G= the fraction of the emitted radiation2. Do you expect efficiency to be good or bad for each of your sources? (Consider real-world effects)

The efficiency is related to the kind of radiation (α, β, γ). The best efficiency is get by using gamma particles. 3. Is the efficiency you calculated for each isotope valid only for that isotope? Explain your answer.

The efficiency varies with the type of incident radiation

Alpha particles are not particularly energetic—their source must be kept close to the end window of the G‐M tube, or they will be stopped in a short distance in air. Gamma radiation, itself, has a small probability of ionizing the gas in the G‐M tube because it is detected essentially when it scatters electrons in the metal cylinder surrounding the gas into the tube.

Beta particles that enter the tube have the largest odds of ionizing the gas in the tube.

As a result of these facts, a G‐M tube tends to be much more efficient for detecting beta particles

4. If a different shelf is used, will the efficiency change? Explain your answer.

The efficiency will change since the distance will change and because of the equation

## \%E=\frac{r(100)}{CKG} ##

Where

##G=\frac{1}{2} - \frac{d}{2\sqrt{x^2+d^2}}##

d is the distance ( shelf used)

Therefore if d gets bigger the efficiency will be smaller and vice-versa

5. (Correlates if five minute and one minute runs were taken.) Are the Efficiencies different? How different? Why??Lab #8: Inverse Square Law1. Write a general mathematical expression for an inverse square law.

##I=\frac{C}{4 pi R^2}##

2. What are other examples of inverse square laws?

Inverse Square Law, Gravity

Inverse Square Law, Electric

 

[BiGyElLoWhAt]

Ok, first off, no one is going to read 123 pages of pdf. That's just too much. Nothing you said really jumped out as me as problematic, but this is not my area of expertise.

3. Are all the background measurements exactly the same number of counts? Is there a systematic cause for this?

?

look up dark counts w.r.t. entanglement. I believe this is the same fundamental concept that's being asked about i.e. "noise".

5. (Correlates if five minute and one minute runs were taken.) Are the Efficiencies different? How different?

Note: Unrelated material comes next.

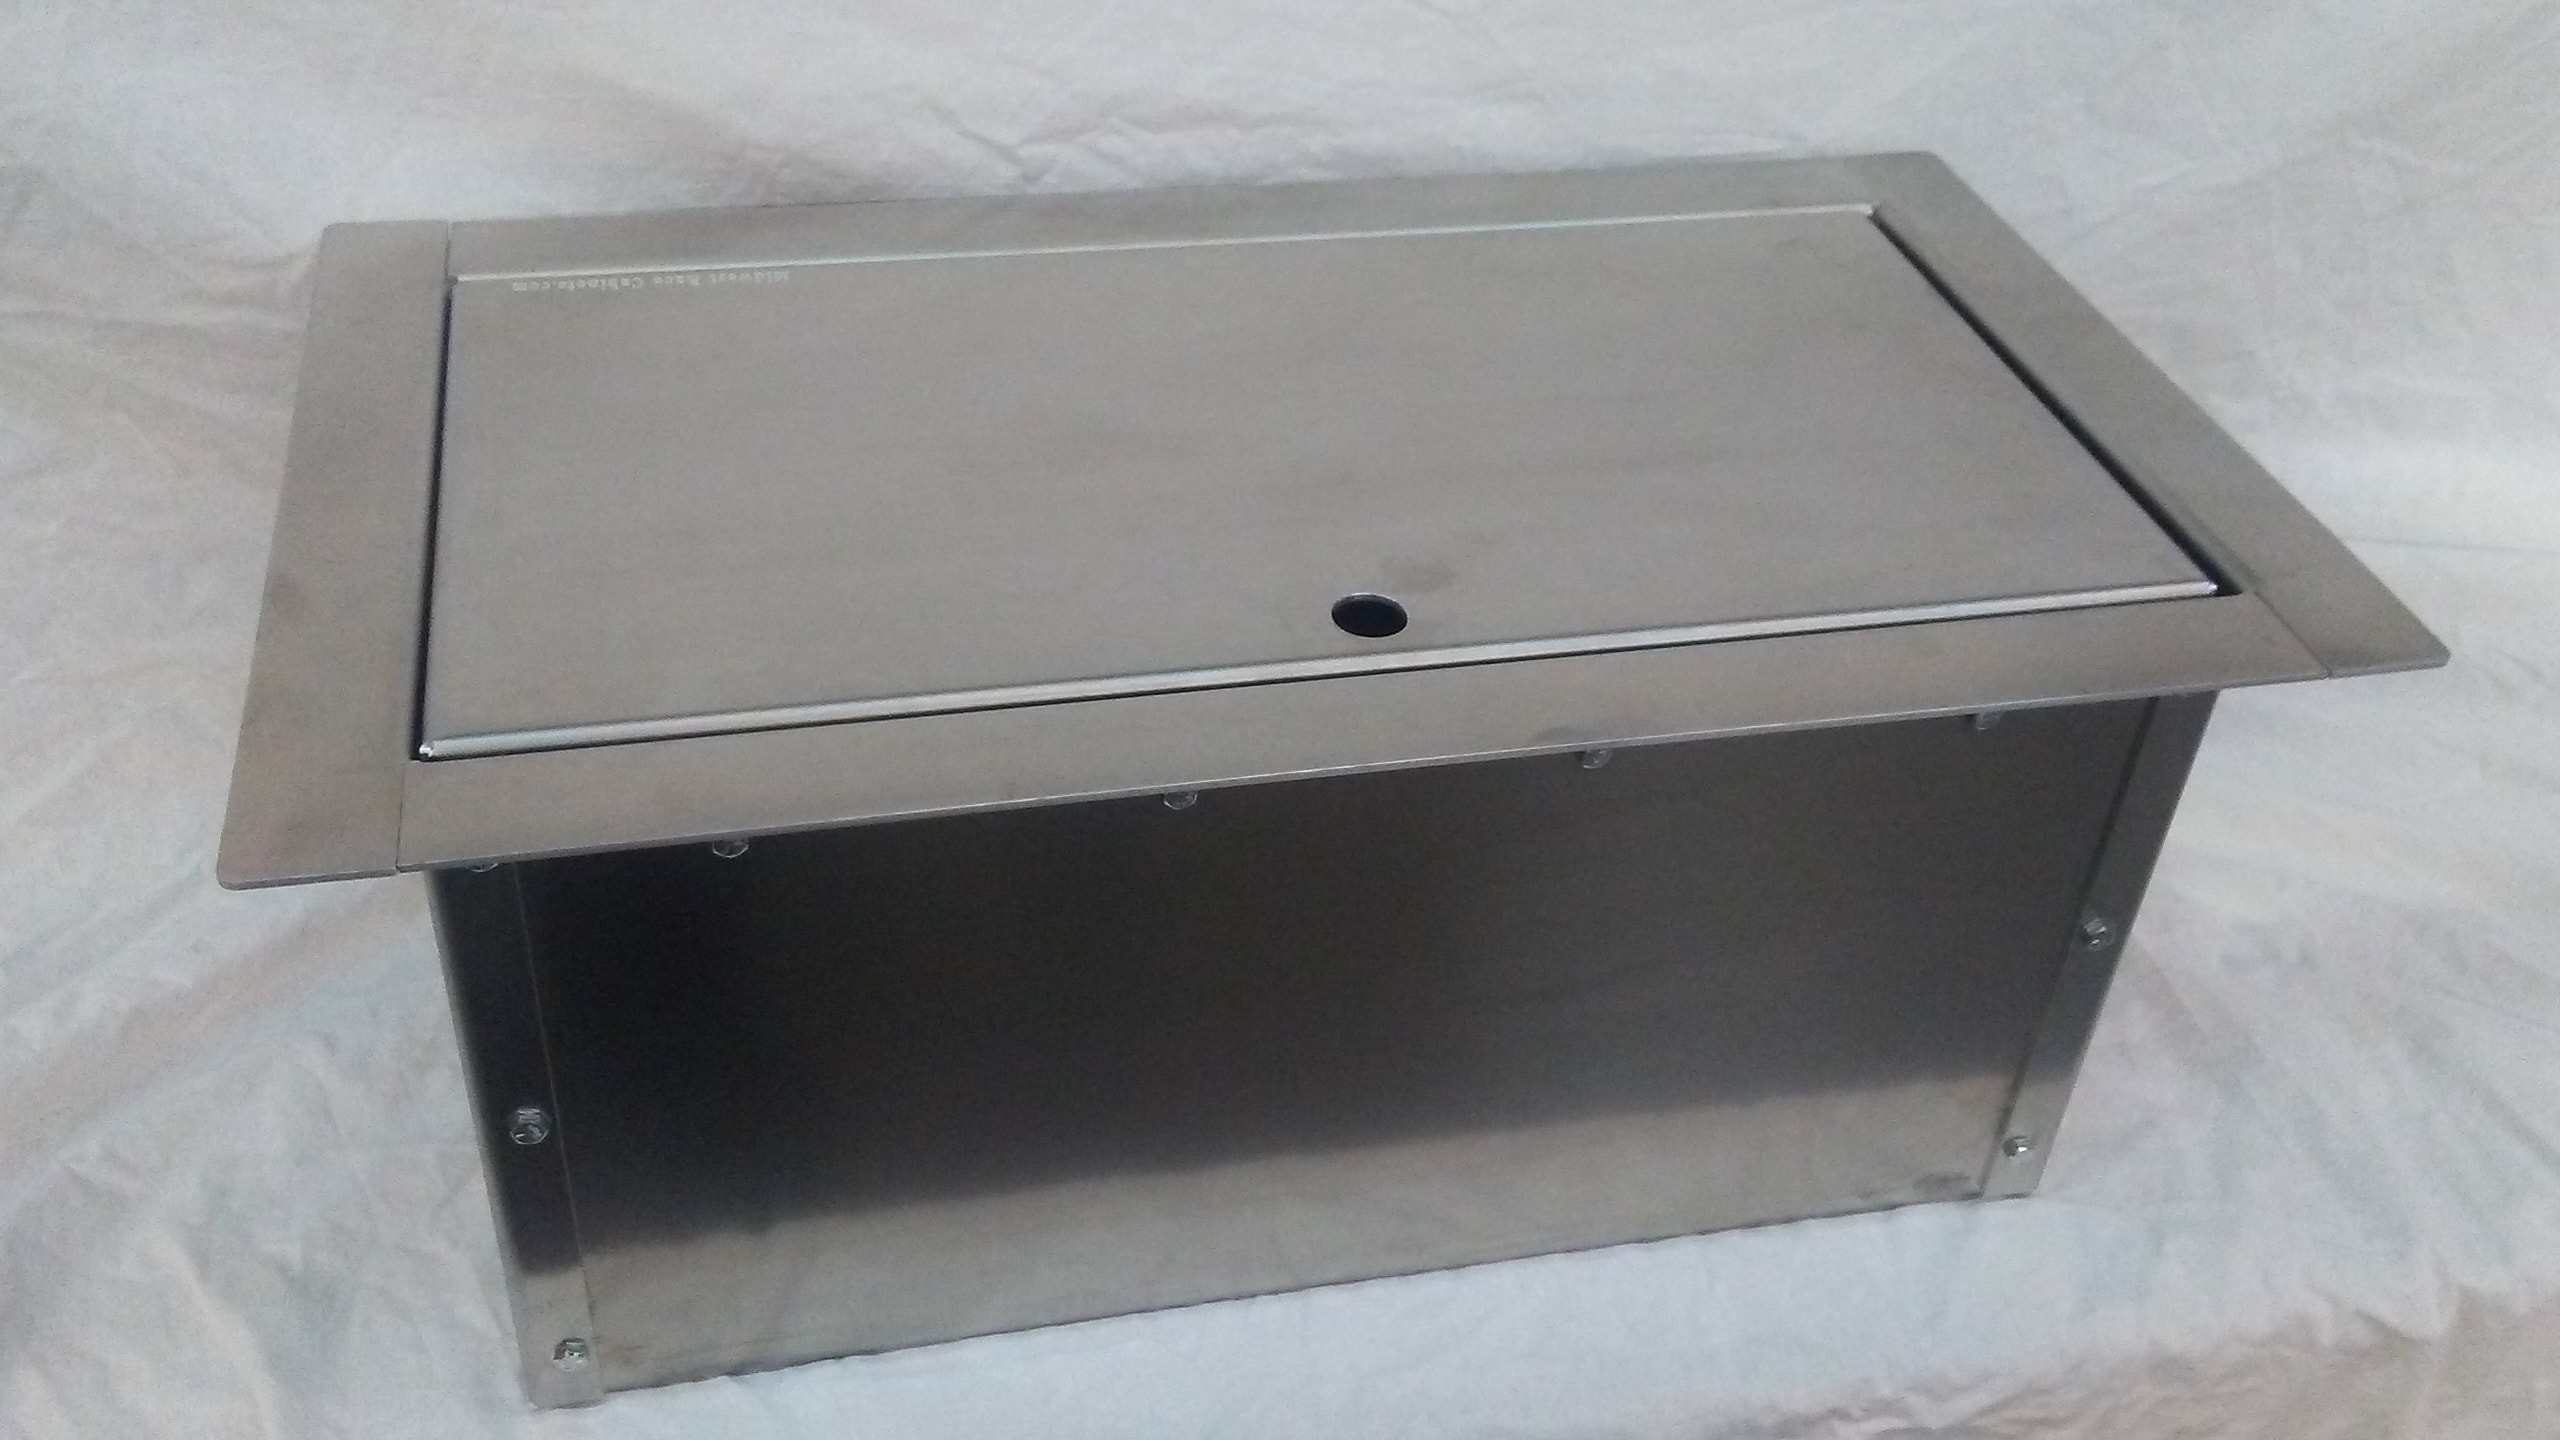 In floor storage box (Battery) Aluminum Finish or black

Why??

look up boxcar average on google.
Here's one link I skimmed through, seems useful enough.
http://www.wavemetrics.com/products/igorpro/dataanalysis/signalprocessing/smoothing.htm

again, these things aren't necessarily specific to your geiger tube, but these problems occur in various areas of physics, and there are ways to deal with them.

 

[Pual Black]

Thank you for your answers.
but I don't want you to read this pdf. I just shared so as other people who already read this pdf will remember it and maybe answer my questions or correct my answers.
I thought some user will have enough information to correct my answers if they are wrong

 

[BiGyElLoWhAt]

No problem.

It seems as though you're diving into the realm of the so called real world, with noise, and a significant lack of frictionless surfaces. (the guy at the hardware store laughed at me when I tried to buy one)

So you have some data, that you got from a REAL experiment. That means that your signal no longer looks like ##e^{\gamma t}## but instead looks like ##e^{\gamma t} + f(noise,noise, \text{why not?} \ more \ noise)##

How can you get rid of said noise? (Or how can you separate that noise from your "good data")

 

[Pual Black]

Ok thank you. I got it
I made the experiment on 4 different GM counters and got 4 different average value for the background radiation.
I thought the reason is that some of the radiation won't enter the GM tube at specific time.
And at another time they will enter because of the geometric construction for each GM counter.

Do you think my answers for the other questions are correct?

 

[BiGyElLoWhAt]

Most seems fine to me other than a slight lack of detail and I am not counting the same number of "resources" as what's askd.

 

[Pual Black]

Ok thank you very much for your help
I will keep searching for more information and maybe i can make my answers better.